• _RECORDED INFORMATION_
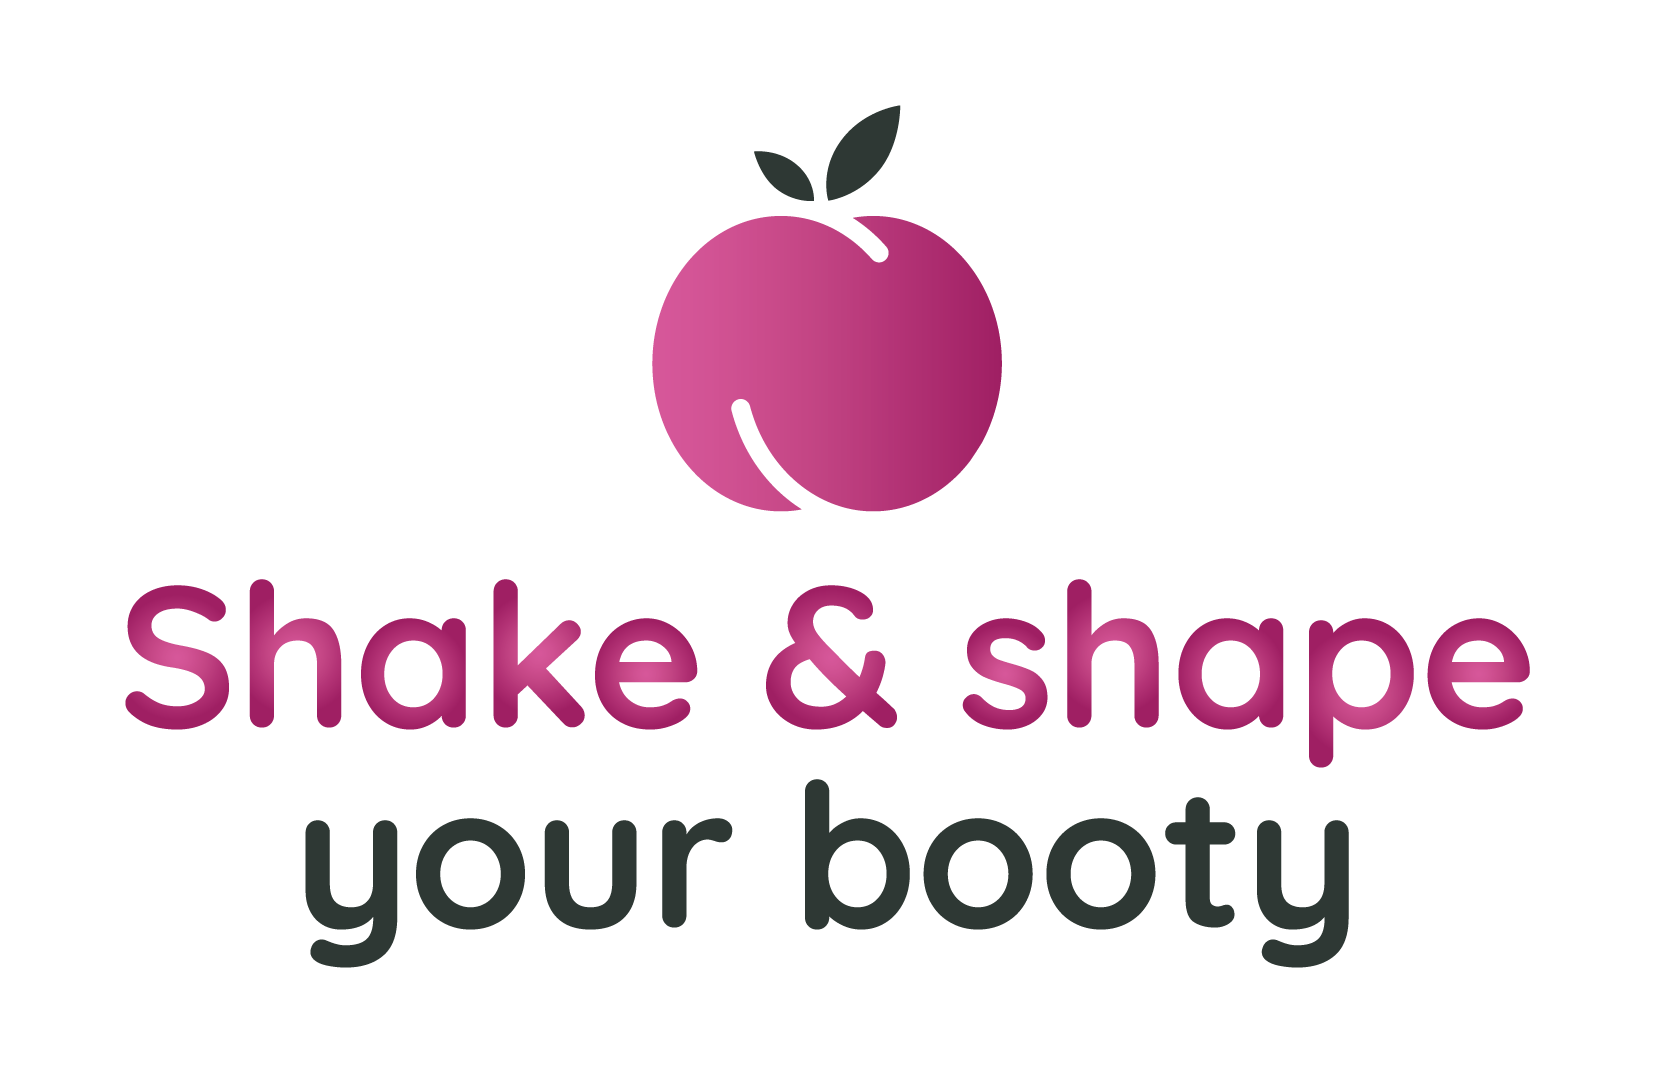 [DOGODEK] Shake&Shape Your Booty event v Ljubljani
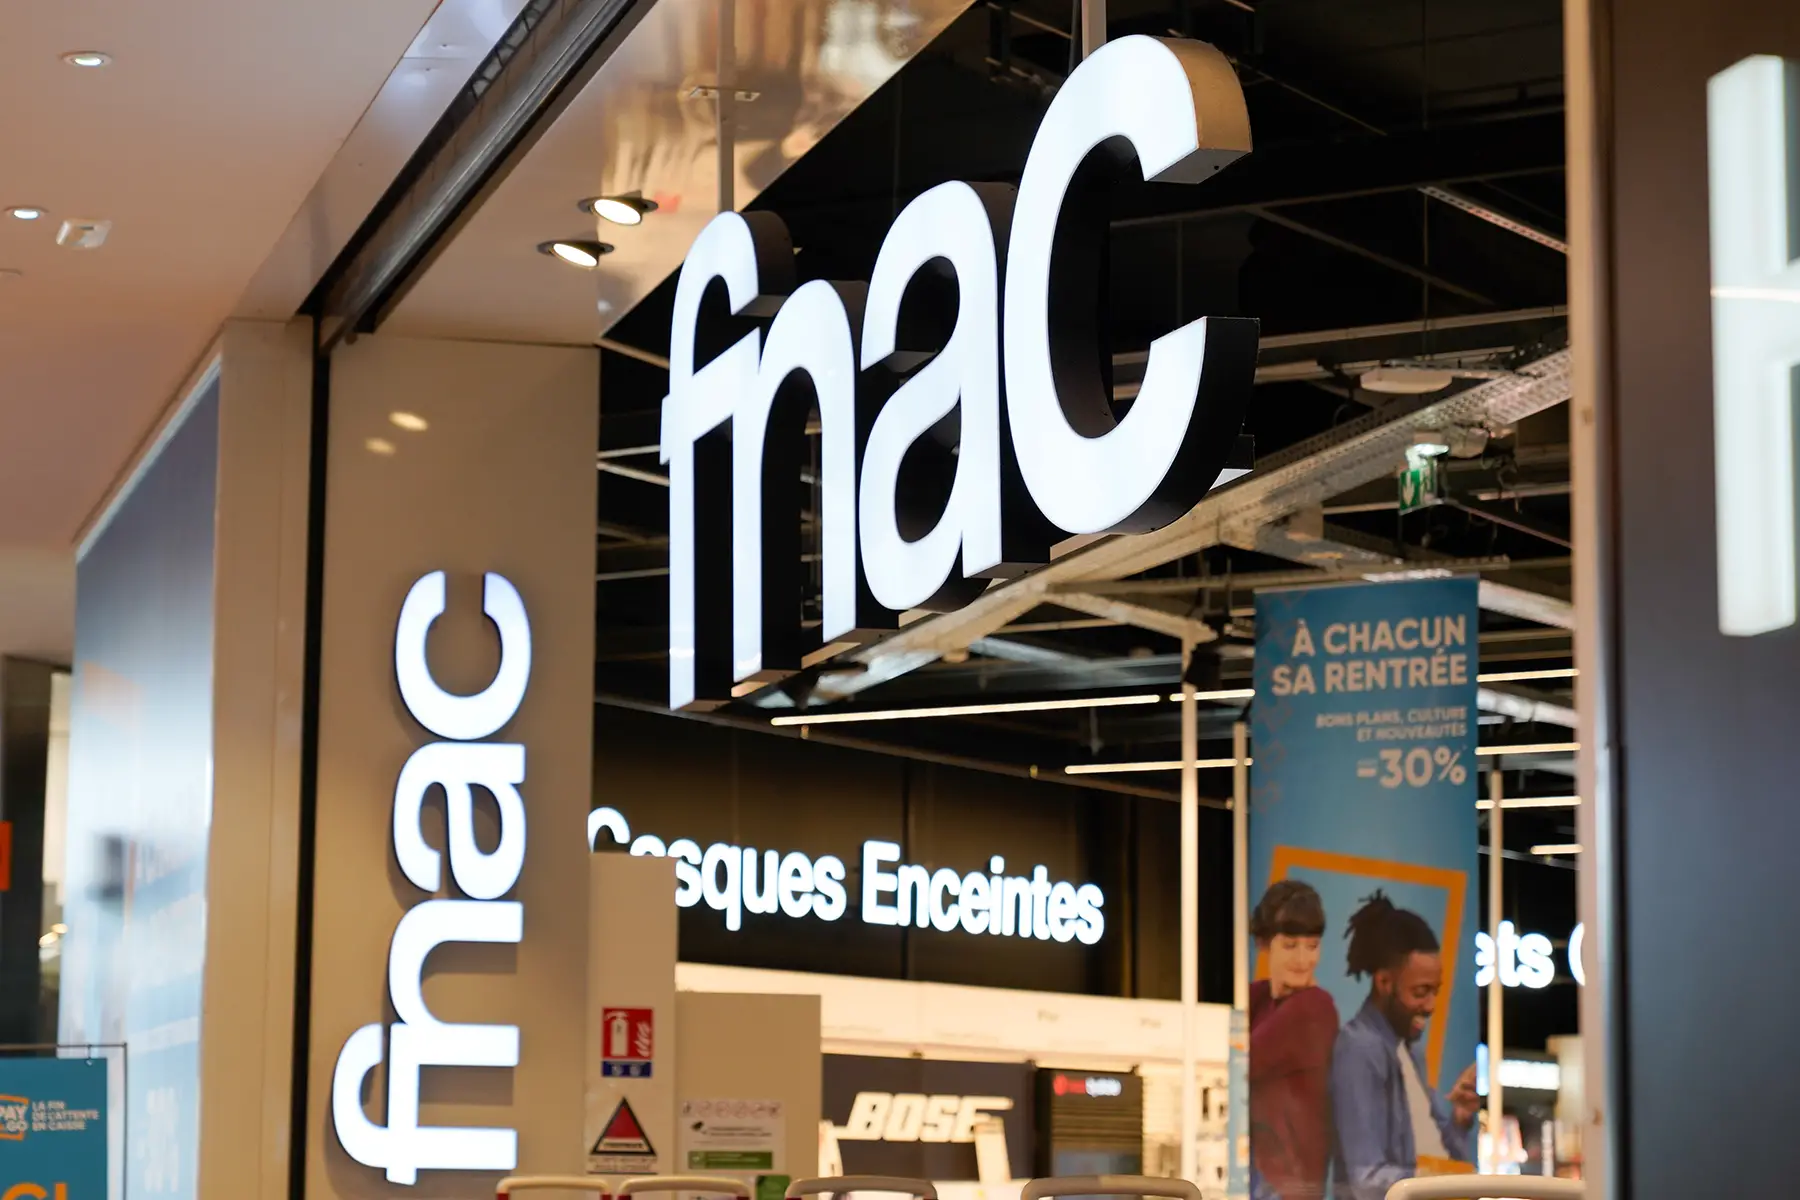 Fnac, an electronics chain shop in Bordeaux, France
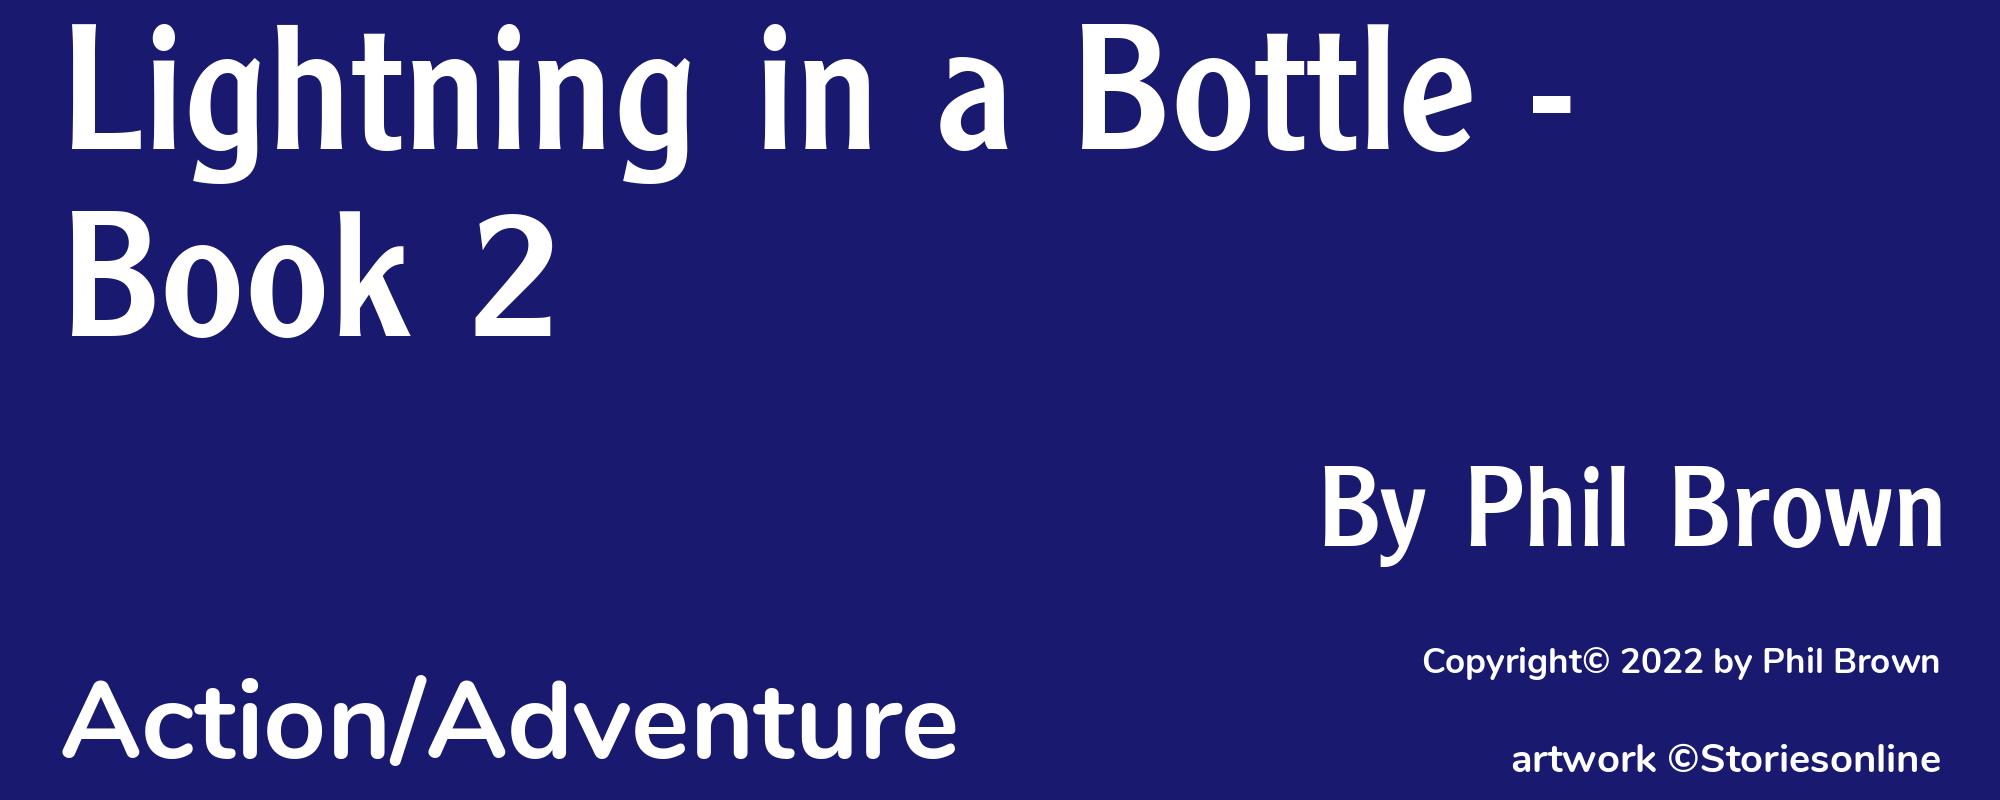 Lightning in a Bottle - Book 2 - Cover

• _WHAT YOU HAVE TO DO_
In your copy of the data above, leave out the pictures and repeat everything else exactly.

• _EXERCISE RESPONSE_
 [DOGODEK] Shake&Shape Your Booty event v Ljubljani
 Fnac, an electronics chain shop in Bordeaux, France
 Lightning in a Bottle - Book 2 - Cover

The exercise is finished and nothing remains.